Doğru olanı da buydu.
Özellikle Türk Milliyetçisi olduğunu sık sık tekrarlayan bir siyasi partinin anında en başından McKinsey anlaşmasına itiraz sesini yükseltmesi gerekirken baktık ki, adeta teslim bayrağını çeker gibi kararı desteklemekteler. Milliyetçi oy ve kanaatleri "Cumhur ortaklığı" adına açıkça maniple etmekte, duyarsızlaştırmaktalar.
Demeçler ortada duruyor.
Daha, taze ve dumanı üstünde.
Bir kısım milliyetçi kadroların McKinsey anlaşmasını benimseyip arkasında durması tarihin en büyük çelişkisi olarak arşivlerde yerini aldı.
Her ne olursa olsun Cumhurbaşkanı Erdoğan'ın yerinde bir kararla, yanlıştan dönmesi anlaşmanın kendisi kadar önemlidir. Devlet adamlığı ve liderlik bunu gerektirir.
Millî çıkar, parti çıkarının önünde olmalıdır.
Bu arada ebedi ve ezeli doğruların değerlerin, kamu çıkarının ve millî menfaatlerin yanında olması gereken malûm bir kısım medyanın, bu geri dönüşten bir ders alıp almayacağı da merak konusudur.

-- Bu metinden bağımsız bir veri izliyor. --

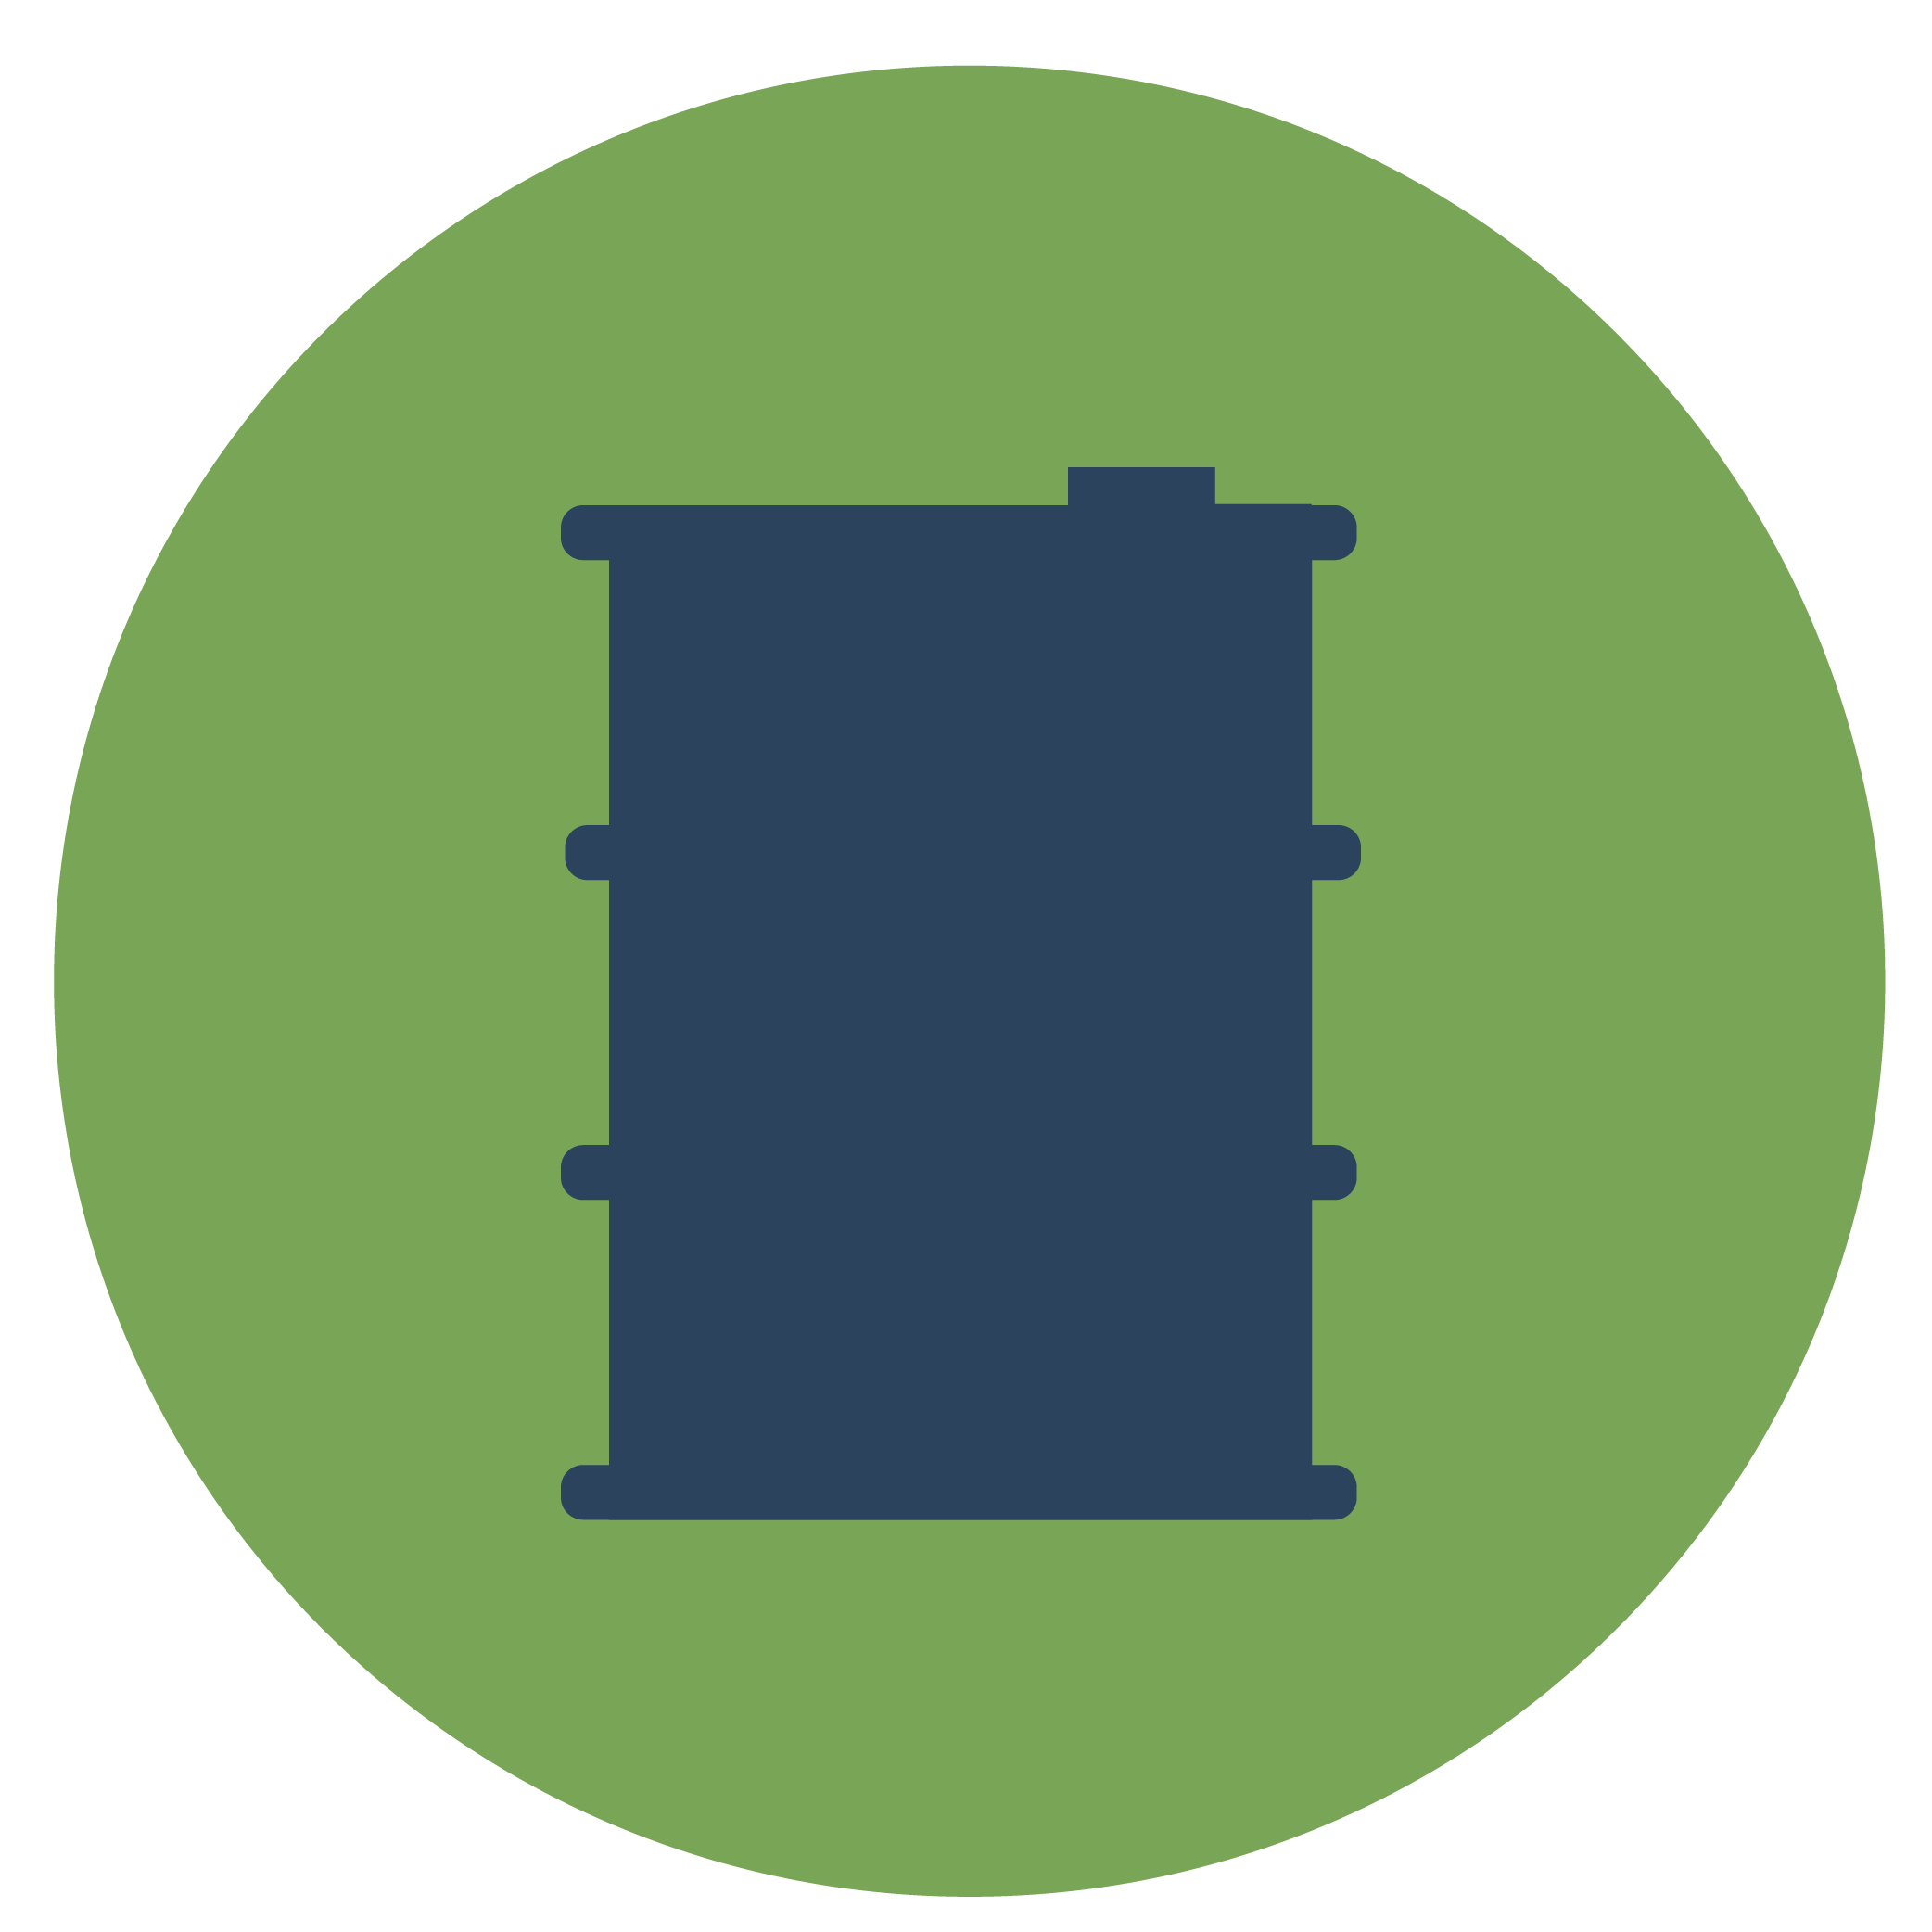 Barrel icon. Click to go to the Dangerous Waste page.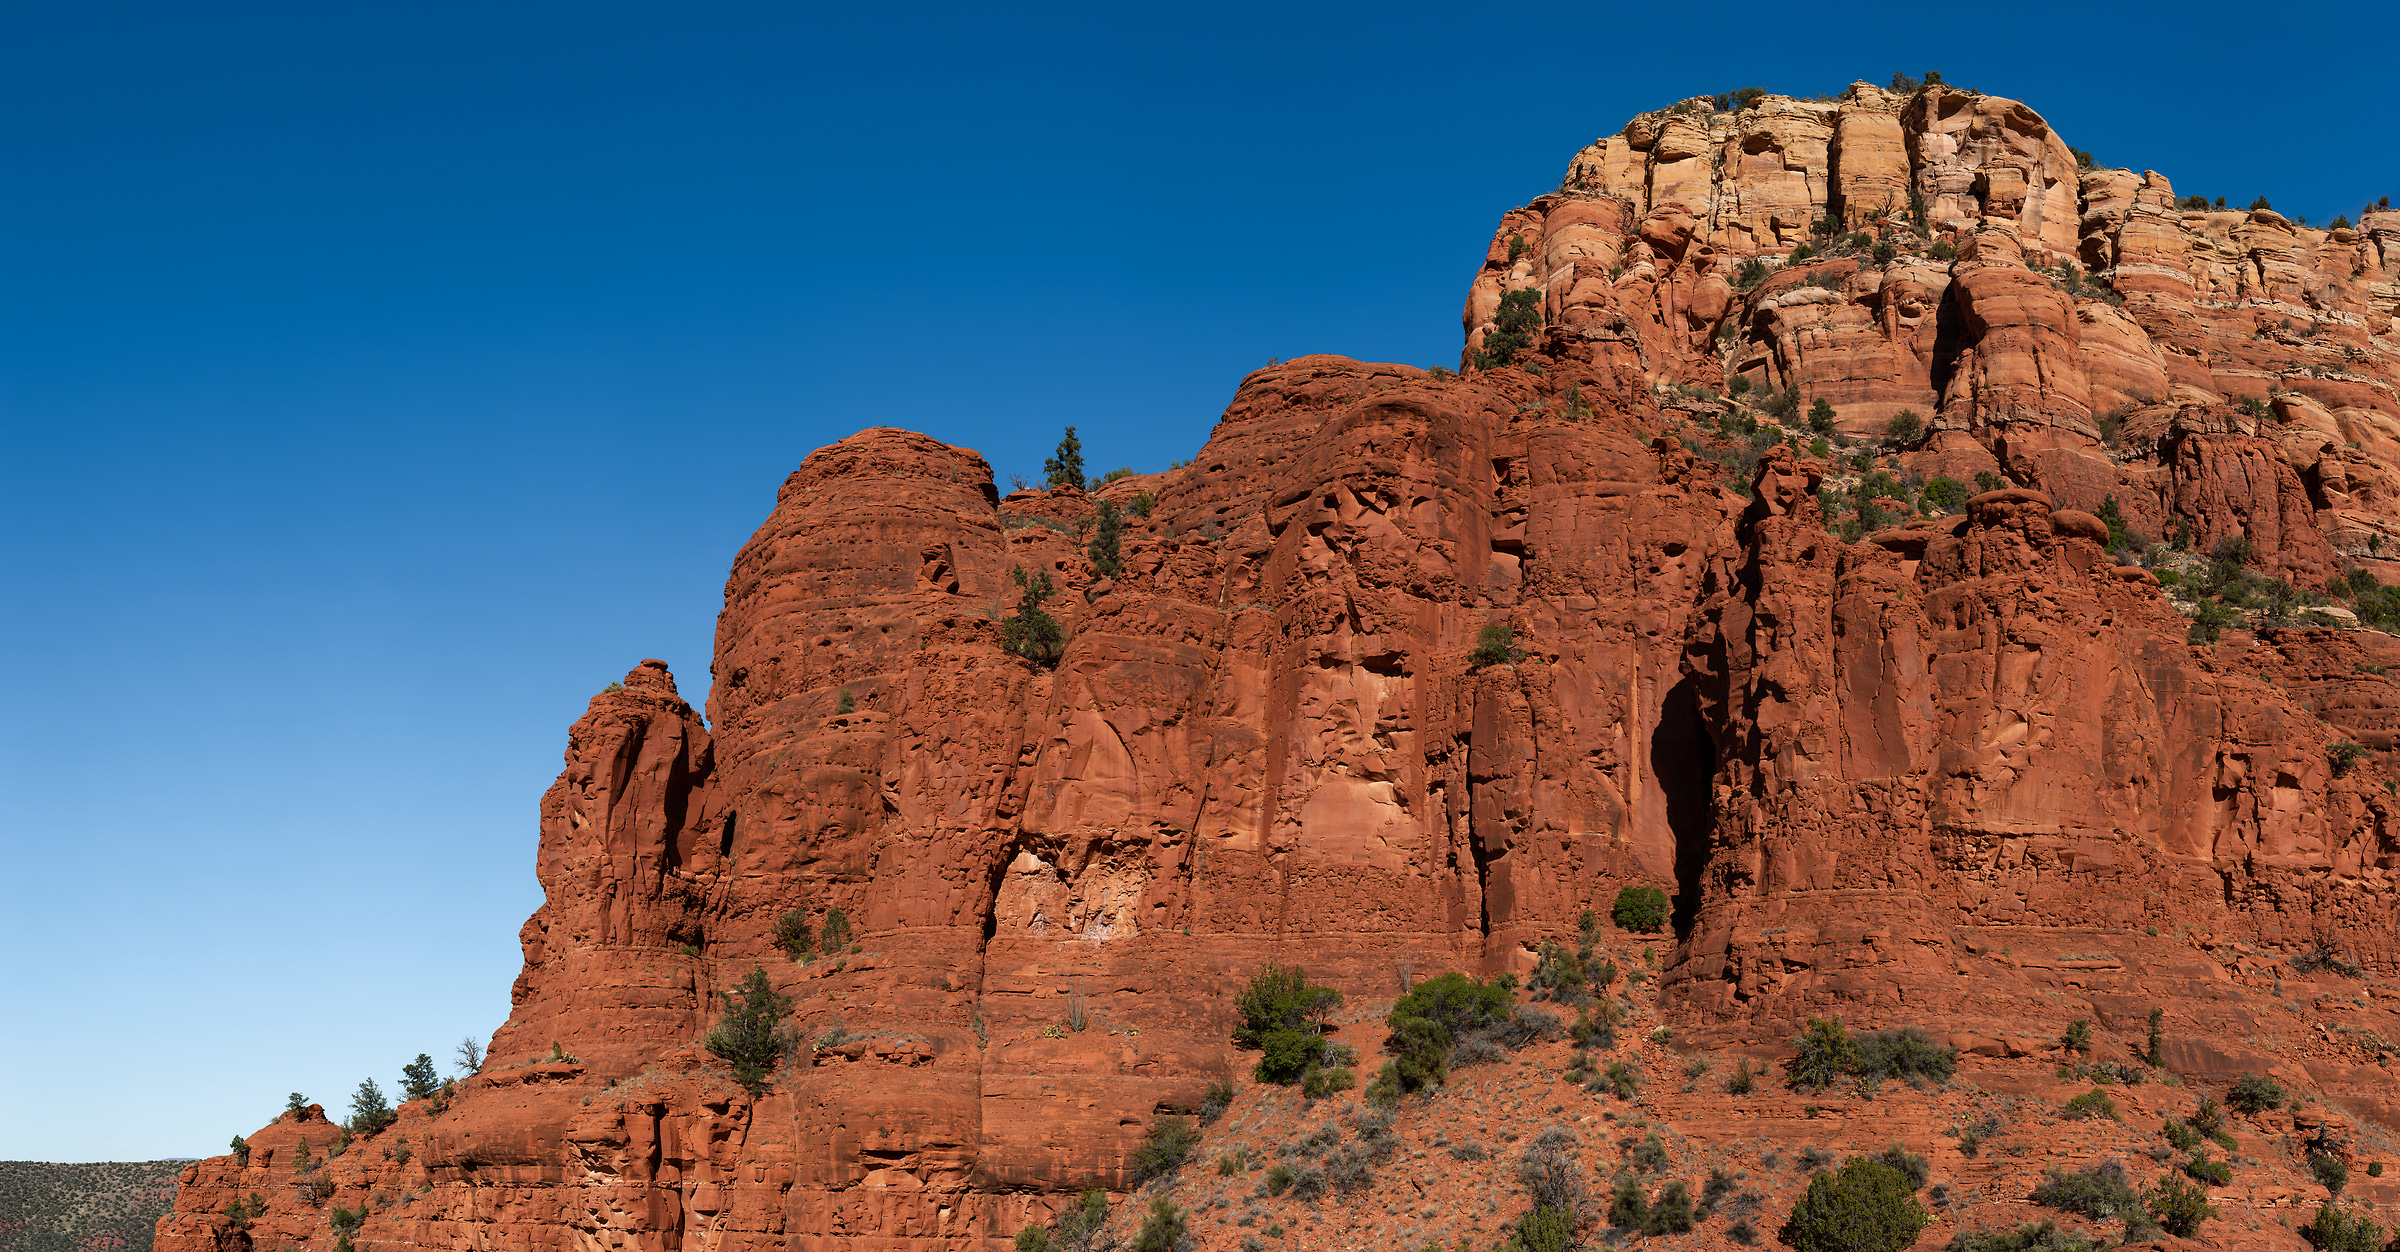 2,125 megapixels! A very high resolution, large-format VAST photo print of a red rock wall; landscape photograph created by Jim Tarpo in Sedona, Arizona.

Aksi halde şekilde görüldüğü gibi utancı ve çelişkisiyle karşı karşıya kalmaya devam eder.
Sadece bu da değil.
Demokrasinin önemli bir göstergesi olan basın, kamu çıkarını gözetmezse, bundan hem toplum ve hem de ülke çıkarları zarar görür.
İktidara konumlanmış ve bütün değerler sistemini altüst etmiş bir medyanın ülkeye vereceği zarar, iktidarların aldığı ve alacağı yanlış kararlardan daha fazla olur.
Öyle ise neymiş?
Hür ve bağımsız medya millî menfaatlerimizin korunması ve iş başındaki iktidarların hataya düşmemesi için zorunlulukmuş.
Umarız ders alınır.
McKinsey anlaşmasından dönülmesi kadar ve belki de bundan çok daha önemli, hem de hayati olan daha bir çok karar alınması gerekiyor.
Bakınız ABD, PKK ve PYD'yi Suriye'nin doğusunda Türkiye'ye karşı silahlandırıyor.
Güney Kıbrıs Yönetimi Akdeniz'de Türkiye'nin hoşuna gitmeyecek işleri ABD-İsrail ve diğer bazı ülkelerle bir olup kurcalıyor.
Yine İdlib'de problem sona ermiş değil.
Aynı şekilde PKK ile mücadele de sona ermedi.
Böyle etrafı düşmanla çevrili, her an eli tetikte bulunan bir ülkenin ekonomisi bu kadar kötü yönetilemez.
Tarımı bu kadar kötü, dışarıya muhtaç hale getirilemez.
Ana sanayi ve üretim sistemi bu kadar alt üst edilemez.
Millî madenleri başkalarına devredilemez.
Genç nüfusu bu kadar harcanıp yaşlanmaya terk edilemez.
Eğitim sistemi bilimden uzak, dünyadaki gelişmelerden geri tutulamaz.
İşte bakın; İran, bilimsel yarışta Türkiye'nin önünde. Nükleer silah yapıyor. Füze sistemleri geliştirdi. Gittikçe de geliştiriyor. Türkiye'nin "muasır medeniyet" vizyonundan ne kadar uzaklaştığını sadece bu örnekler gösteriyor.
Öyle ise?
Eli tetikte olması gereken Türkiye, güneyinden ne zaman vurulacağını hesap etmelidir. Eğer ediyorsa, acilen tarımı güçlendirmeyi ve dışa bağımlılıktan kurtarmayı başarmalıdır. Çünkü önce açlık tedbiri lazımdır. Ekonomisini, ülkeyi koruyacak ve savaşacak konuma getirmeli ve bunun için gerekirse sert tedbirler almalıdır.
Köprü ve otoyol projelerini dolardan arındırmalıdır.
Hadi, McKinsey iradesi burada da kendini göstersin.